# WORK INSTRUCTION
Leaving out pictures, output exactly the lines below from the one that has "0123La eliminación movies.com redirección" through the one that has "Kauai: Waterfall Photo Adventure Tour", and nothing else.

# EXERCISE INPUT
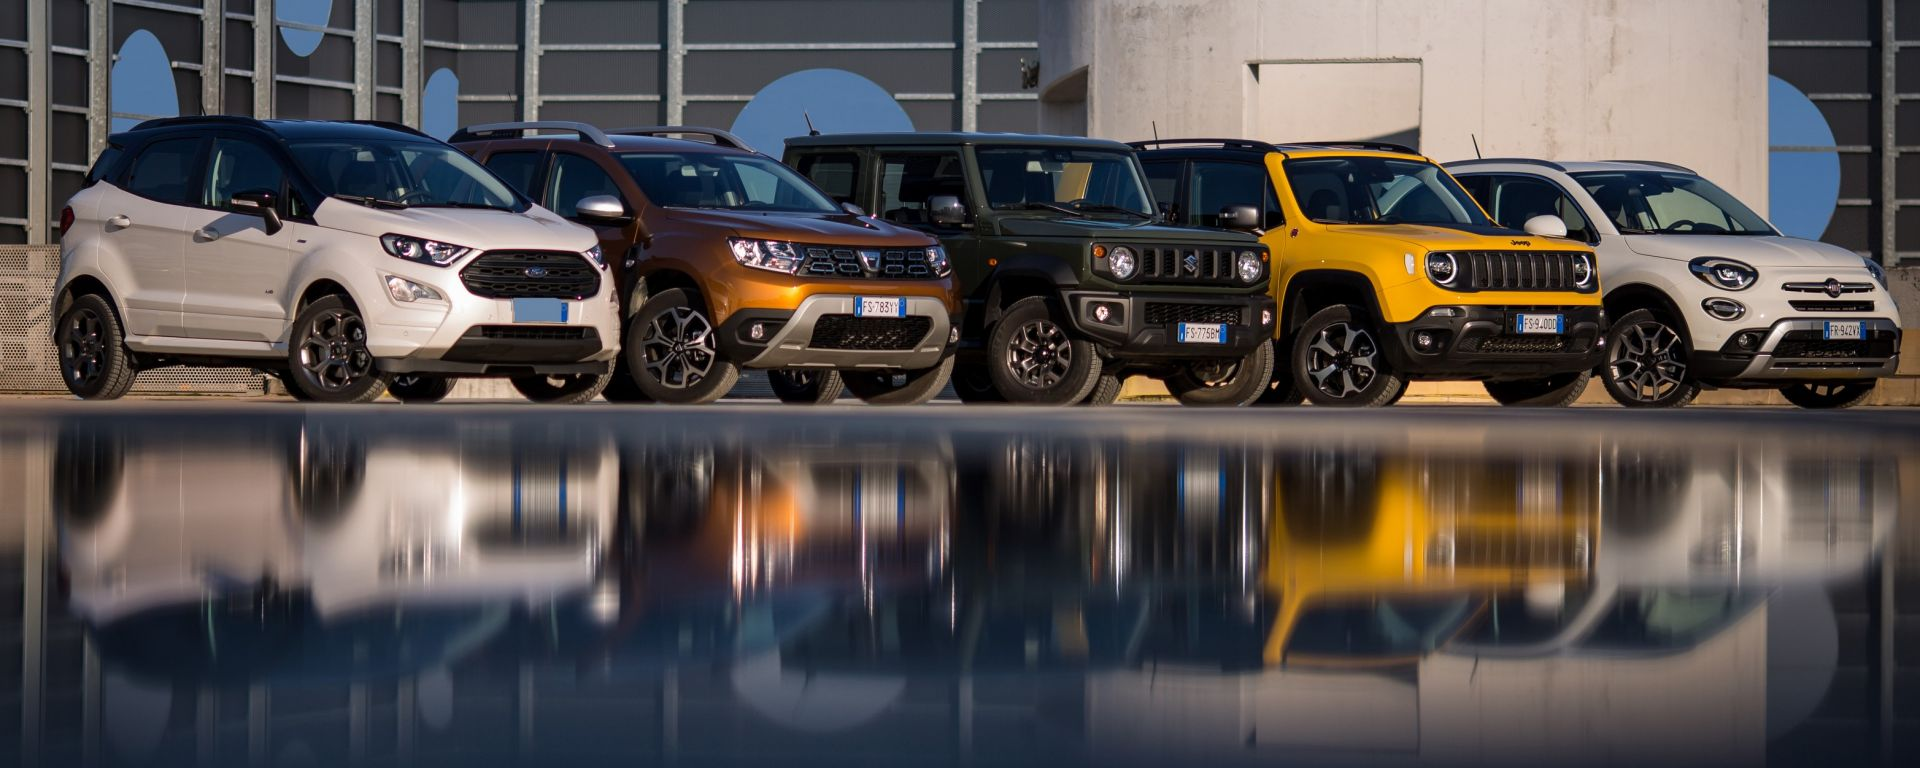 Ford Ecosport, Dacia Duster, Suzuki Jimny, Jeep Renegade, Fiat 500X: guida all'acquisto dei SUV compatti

==

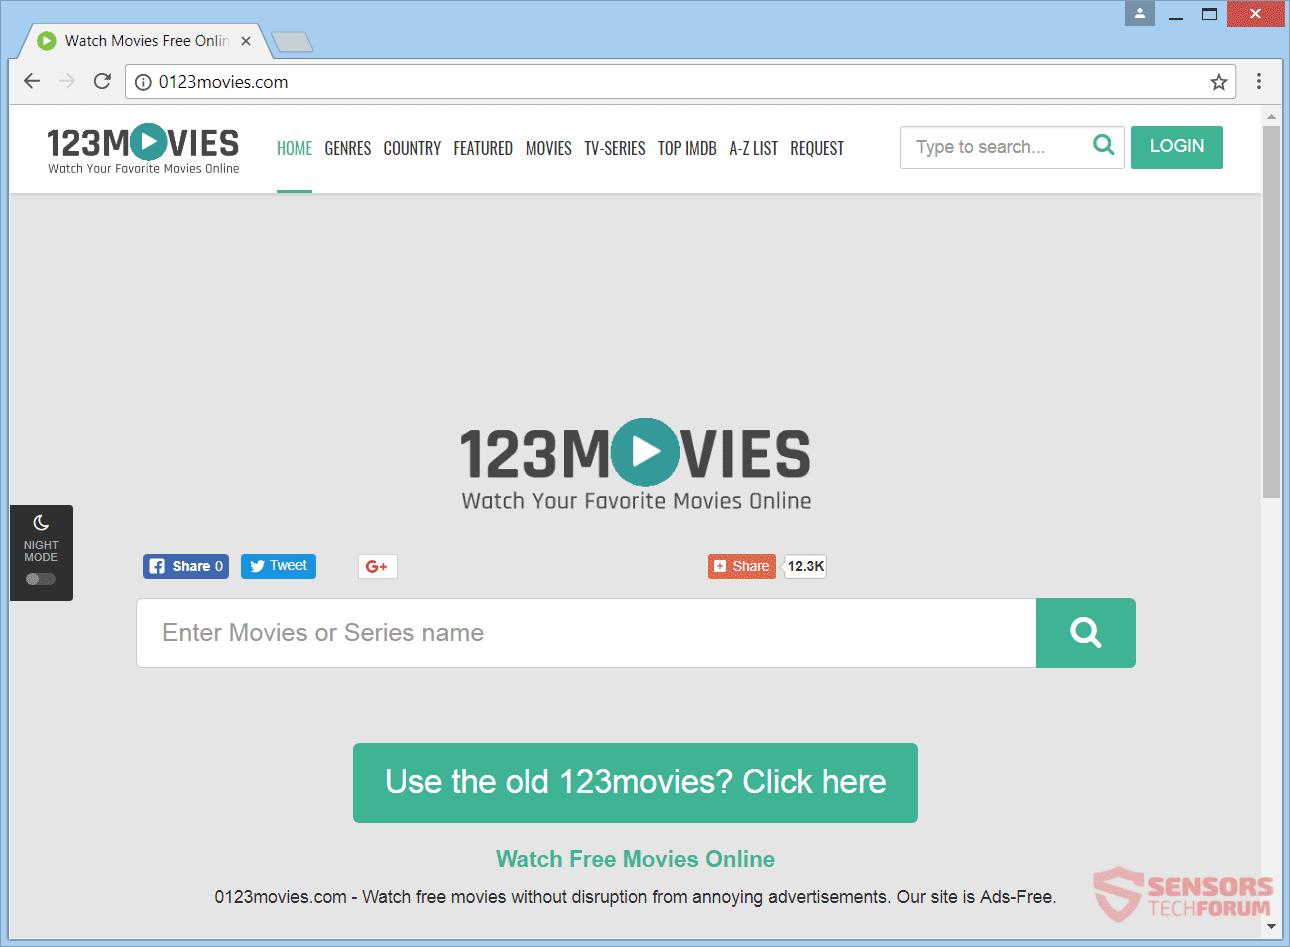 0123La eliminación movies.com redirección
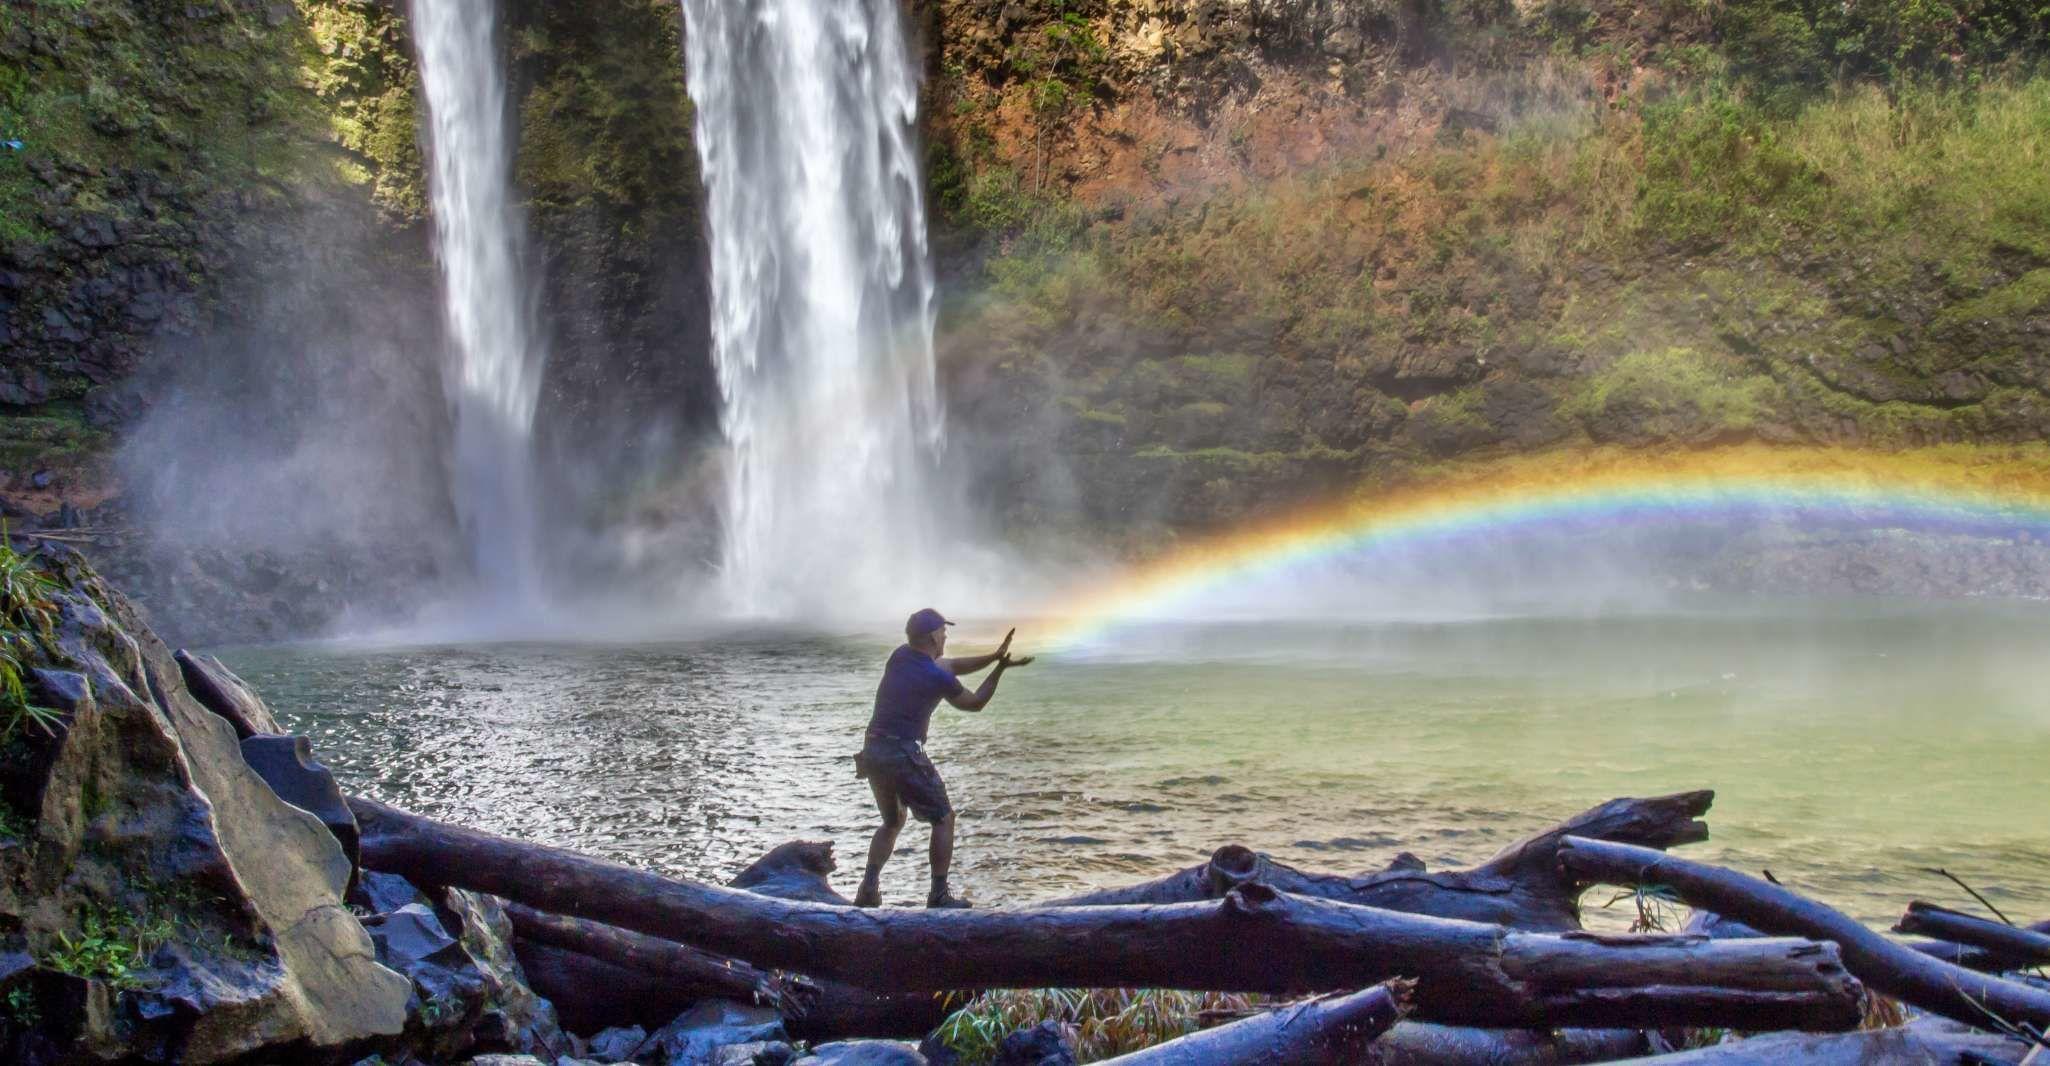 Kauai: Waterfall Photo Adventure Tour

# ANSWER BOX
 0123La eliminación movies.com redirección
 Kauai: Waterfall Photo Adventure Tour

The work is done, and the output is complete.